Marginalization

I mentioned that the evidence can be computed from the likelihood and the prior. To see this, we apply the sum rule to the posterior probability. Let \(\theta_i\) be a particular possible value of a parameter or hypothesis.
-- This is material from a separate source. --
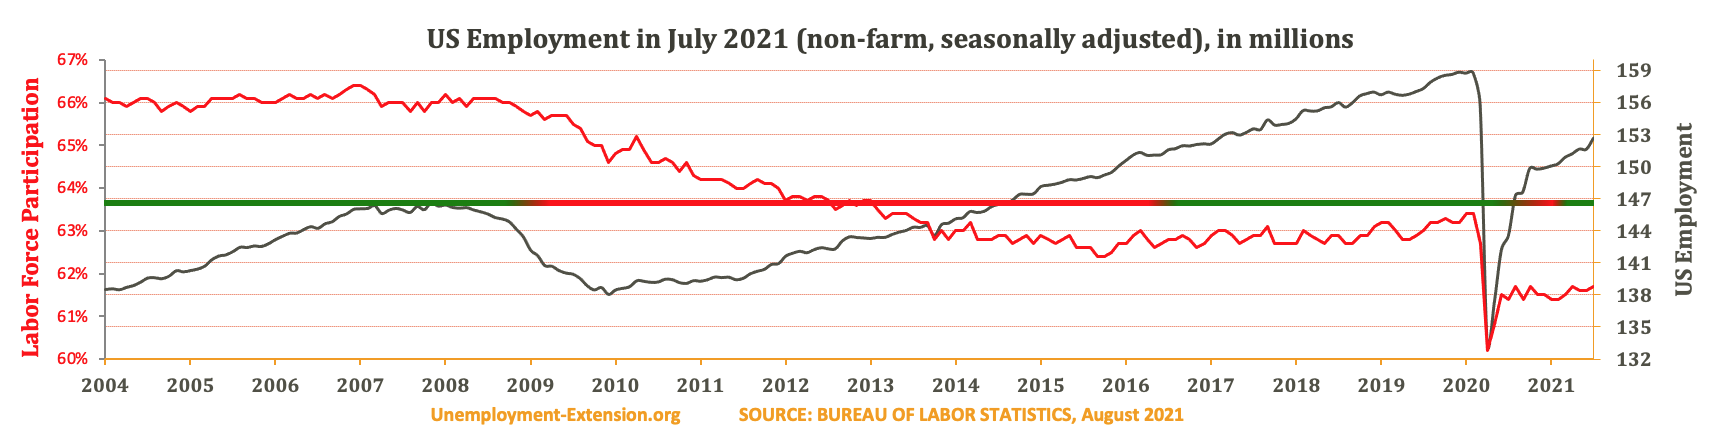 Total US Employment (non-farm, seasonally adjusted) in July 2021. US economy has lost approximately 10 million jobs in comparison to pre-resession level.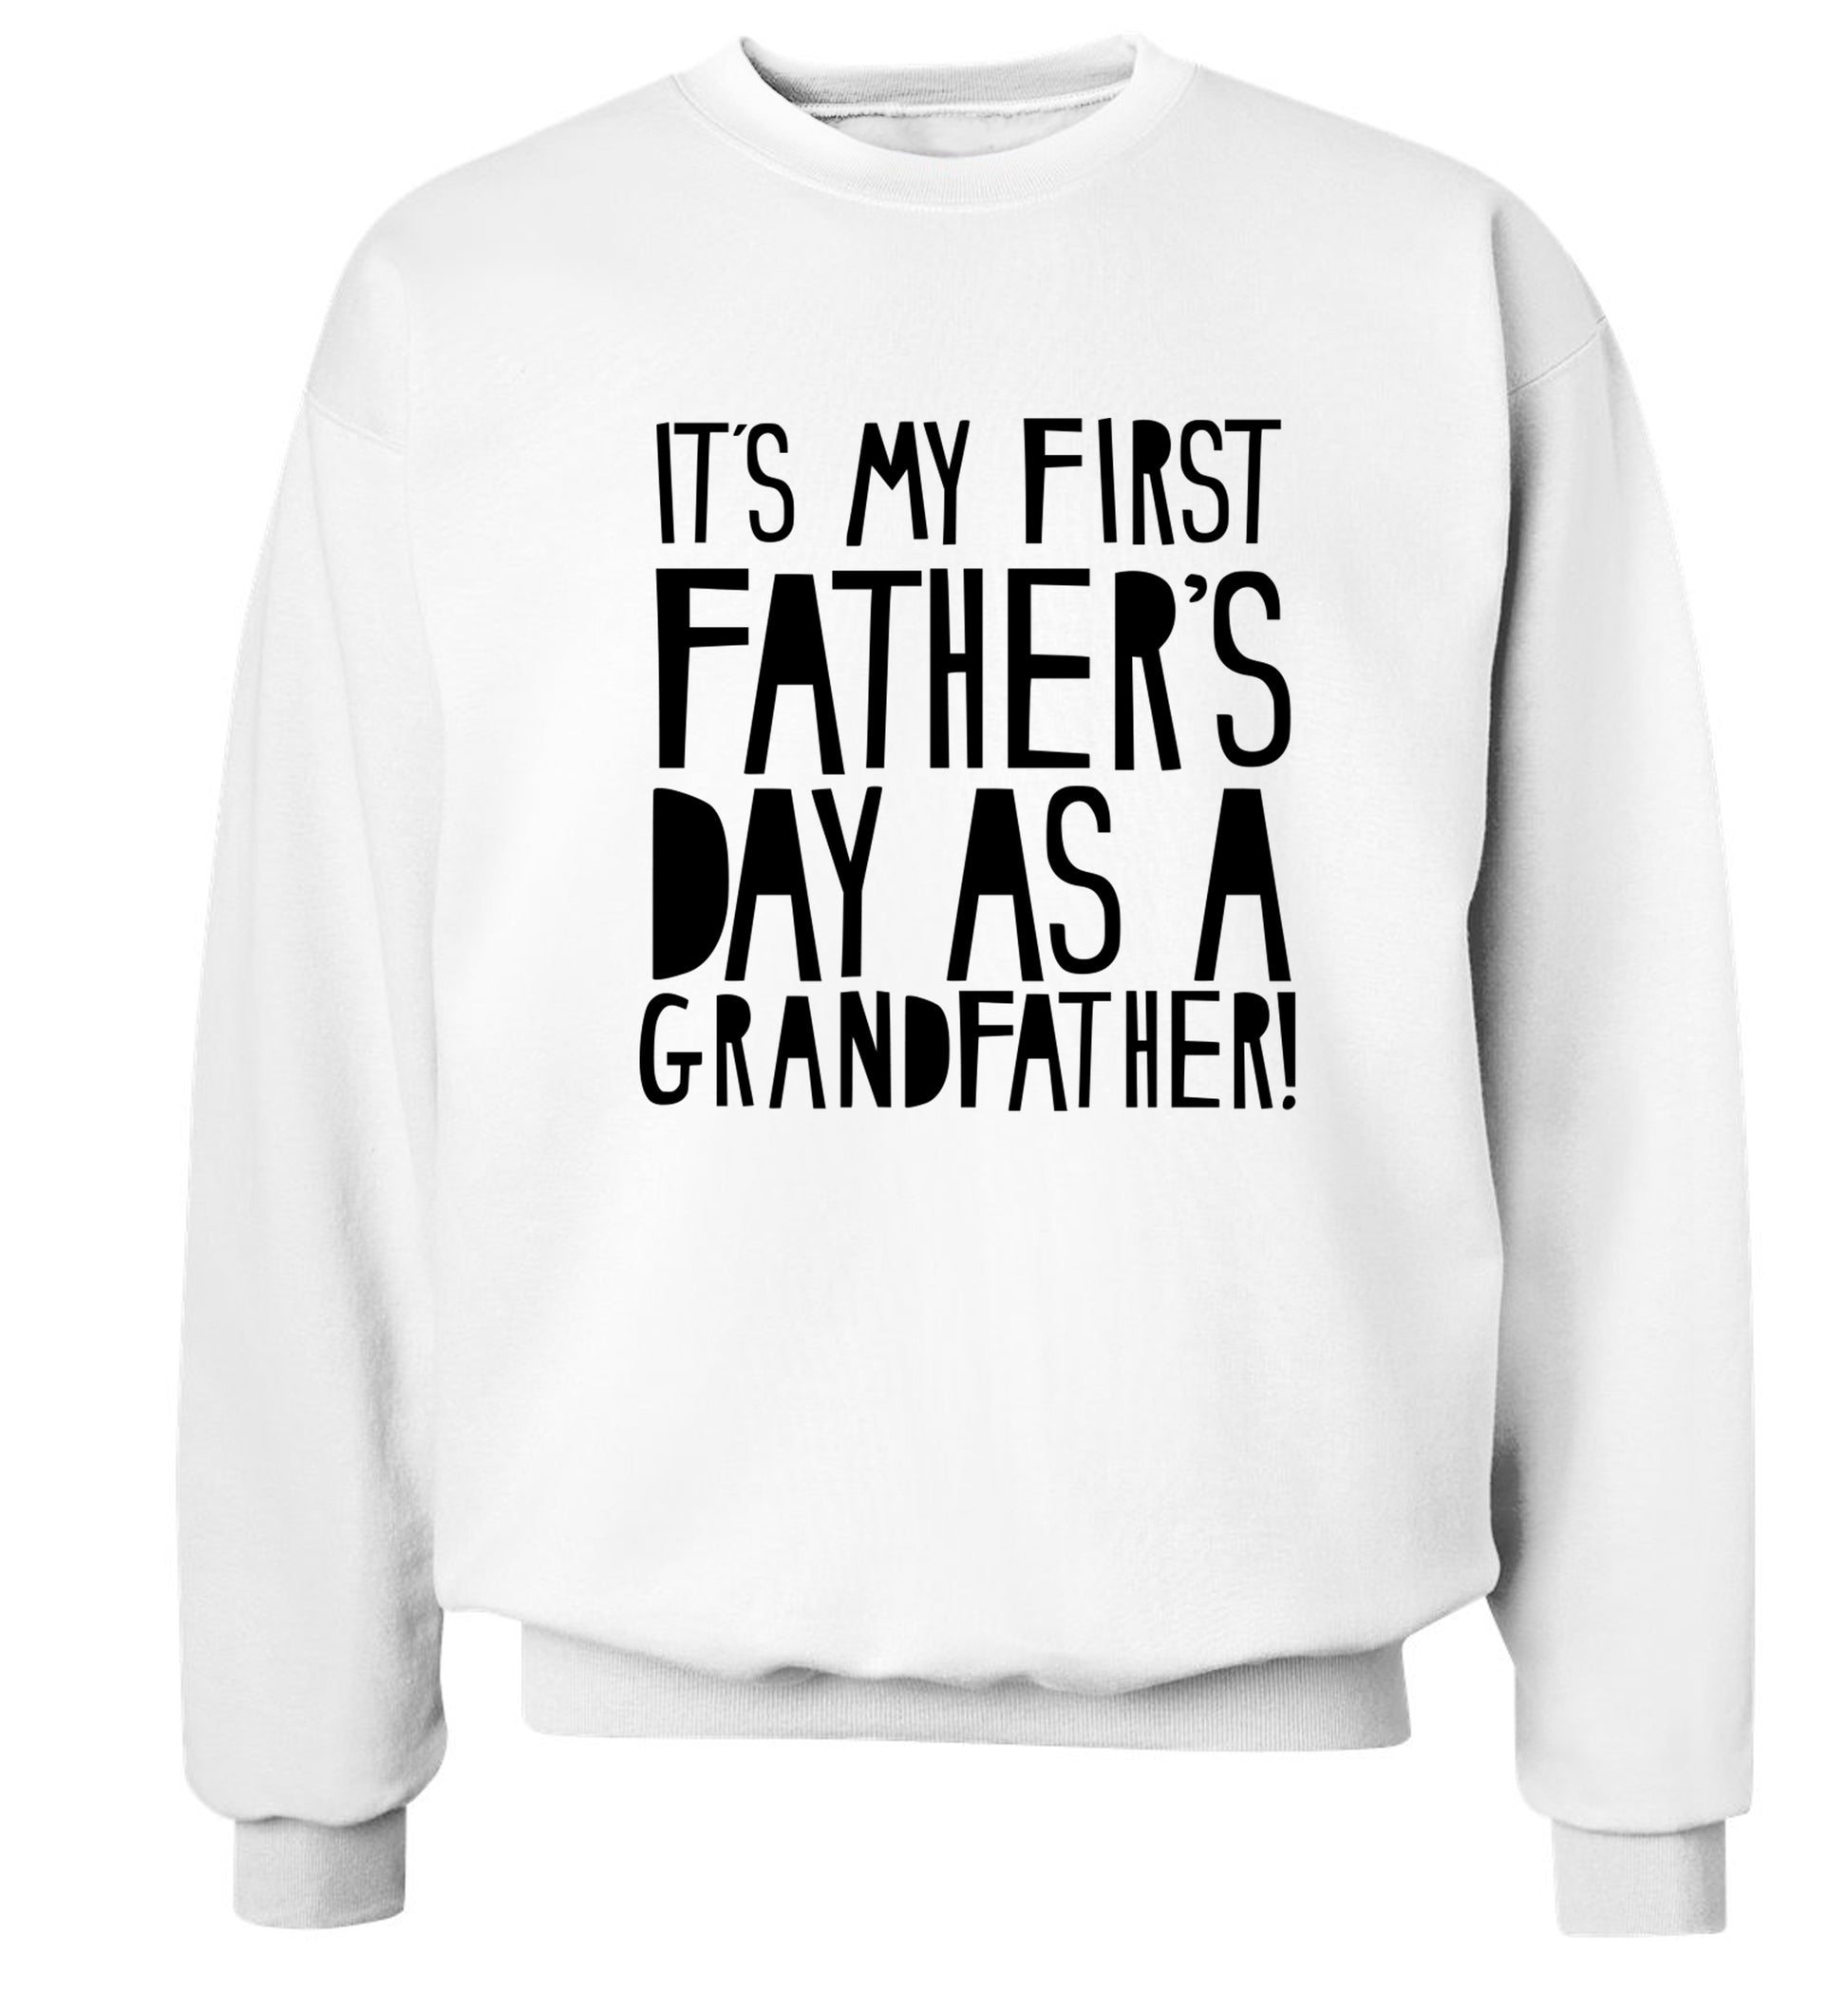 It's my first Father's Day as a Grandfather! Adult's unisex white Sweater 2XL

Then,

\[\begin{aligned} 1 = g(\theta_j\mid y) + g(\theta^c_j | y) \nonumber = g(\theta_j\mid y) + \sum_{i\ne j}g(\theta_i\mid y) = \sum_i g(\theta_i\mid y), \end{aligned}\]

Now, Bayes’s theorem gives us an expression for \(g(\theta_i\mid y)\), so we can compute the sum.

\[\begin{aligned} \sum_i g(\theta_i\mid y) = \sum_i\frac{f(y \mid \theta_i)\, g(\theta_i)}{f(y)} = \frac{1}{f(y)}\sum_i f(y \mid \theta_i)\, g(\theta_i) = 1. \end{aligned}\]

Therefore, we can compute the evidence by summing over the priors and likelihoods of all possible hypotheses or parameter values.

\[\begin{aligned} f(y) = \sum_i f(y \mid \theta_i)\, g(\theta_i). \end{aligned}\]

Using the joint probability, we also have

\[\begin{aligned} f(y) = \sum_i \pi(y, \theta_i). \end{aligned}\]

This process of eliminating a variable (in this case \(\theta_i\)) from a probability by summing is called marginalization. This will prove useful in finding the probability distribution of a single parameter among many.